Louisa Dris-Aït Hamadouche, observatrice avisée du hirak et ayant pris part, trois ans durant, aux marches, aux débats et à diverses rencontres organisées par des acteurs politiques, a choisi d’aborder la question de la «représentation dans le mouvement».
L’analyse du mouvement populaire du 22 février 2019, le hirak, a donné suite à de nombreuses publications ces derniers mois. Il y a de tout et de toutes les couleurs. Des dizaines d’ouvrages ont été publiés. Certains sont sérieux, d’autres sont, en revanche, superficiels et de moindre valeur. Mais rares sont les analyses faites avec beaucoup de recul et prenant des aspects particuliers et essentiels pour la compréhension du mouvement lui-même.
Louisa Dris-Aït Hamadouche, politologue, vient d’en livrer une. Observatrice avisée du hirak et ayant pris part, trois ans durant, aux marches, aux débats et à diverses rencontres organisées par des acteurs politiques, cette enseignante à l’Université d’Alger a choisi d’aborder la question de la «représentation dans le mouvement».
Sous le titre «Les acteurs politiques et le hirak en Algérie : le dilemme de la représentation», la politologue revient dans son étude, réalisée pour le compte de l’Institut pour les sciences sociales et la recherche sur l’Algérie (ISSRA), sur cette problématique de taille que de nombreux observateurs ont posée après la suspension, puis l’interdiction par la répression des marches du hirak.
Remontant jusqu’au début de la contestation populaire, elle souligne d’emblée le rejet du leadership au nom «Yetnahaw Ga3 !» (qu’ils dégagent tous). «Parmi les problématiques analysées pendant et après ce soulèvement, citons le rôle des acteurs. En filigrane de cet aspect, s’est posée la représentation qui est rapidement apparue comme une problématique centrale. En effet, dans les manifestations, les réseaux sociaux et les prises de parole, apparaît, dès les premières semaines, une forte animosité à l’encontre de toute forme de représentation et d’organisation. Que celle-ci concerne les partis politiques connus ou les symboles qui ont émergé à cette période», rappelle-t-elle.

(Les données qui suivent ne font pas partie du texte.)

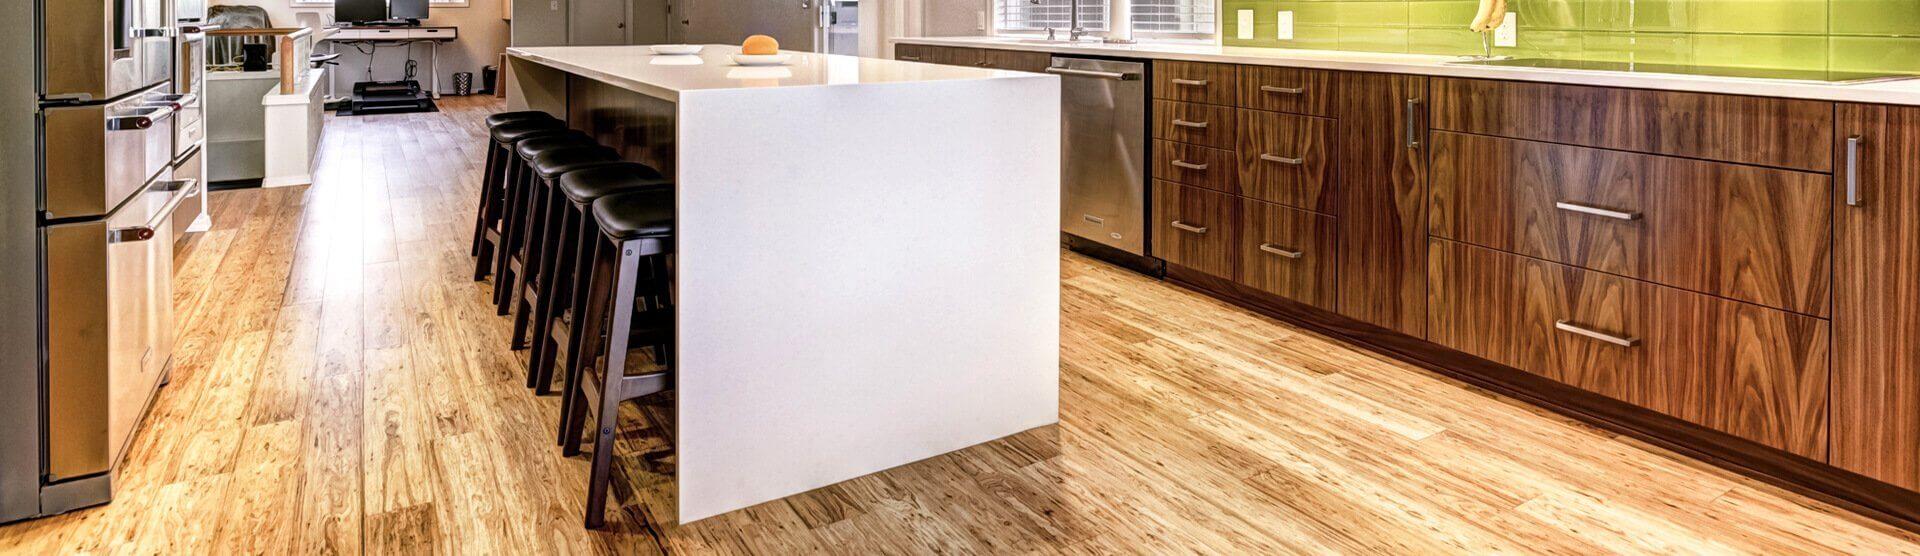 Bamboo Flooring Options & Samples | Ambient® Bamboo Flooring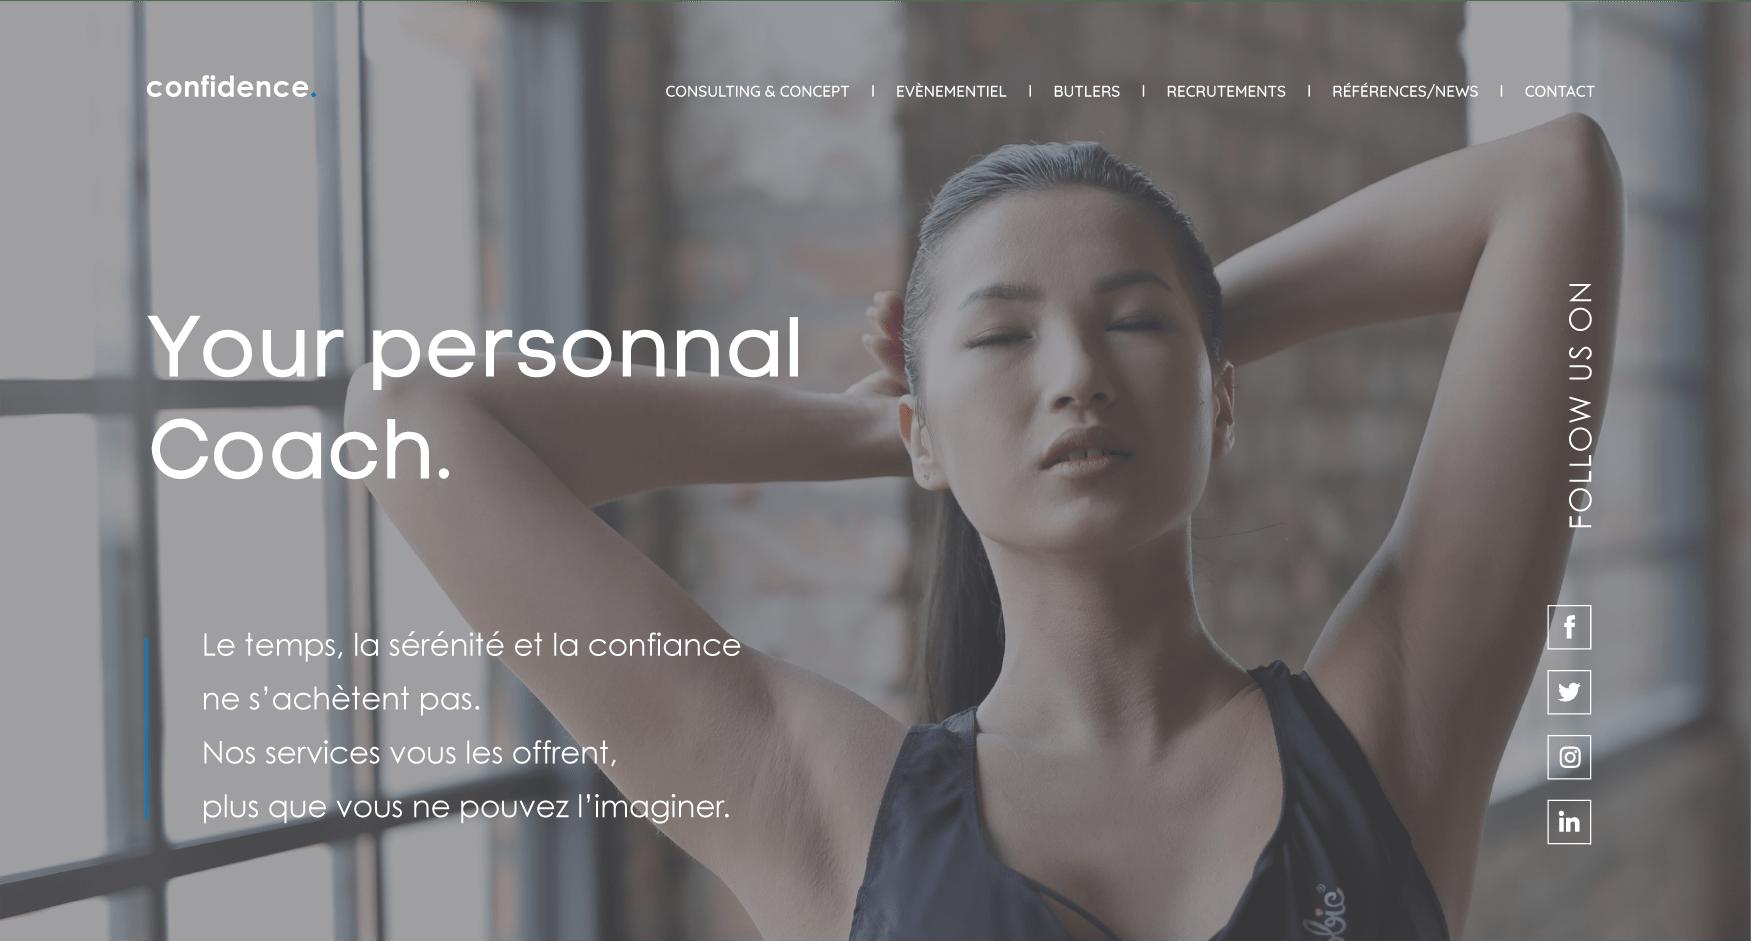 Projet de Cassian : Confidence

Partant de ce fait, la politologue analyse les éléments objectifs et subjectifs ayant conduit à ce résultat, en l’occurrence la grave crise de représentation et de la représentativité en Algérie. Malgré l’émergence durant le hirak de figures politiques, dont certaines étaient déjà connues avant 2019 sur la scène politique, le mouvement, souligne-t-elle, est resté sans leader. Et cela pour diverses raisons, dont particulièrement la politique des autorités «visant manifestement à prévenir l’émergence de forces organisées».
«Cette politique comprend des méthodes douces, telles que la récupération et la cooptation, mais aussi un arsenal répressif d’une intensité ascendante», relève-t-elle. Selon elle, les «termes de la problématique de la représentation ne sont pas dominés par les éléments classiquement admis dans les sociétés traditionnelles où le paternalisme, le charisme et le zaimisme sont dominants». «Même si l’absence d’un leader naturel a exacerbé la compétition entre les figures symboliques, le hirak a porté des symboles qui l’ont en même temps paralysé, neutralisant ainsi un quelconque leadership.
De façon assez surprenante, il semble, en effet, que le rejet de la représentation constaté dans le hirak soit non seulement lié aux accumulations historiques internes liées à l’absence de démocratie, mais également à la crise de la représentation constatée dans les régimes démocratiques», développe-t-elle.
la politologue conclut ainsi à une réalité handicapante qui serait, fort probablement, à l’origine de l’issue de ce mouvement. «Le hirak a implicitement remis en cause la représentation sans représentativité et imposé temporairement une distorsion paradoxale en termes de soumission à la conformité. Dans le hirak, la minorité (représentants) s’est soumise à la majorité (représentés)», précise-t-elle.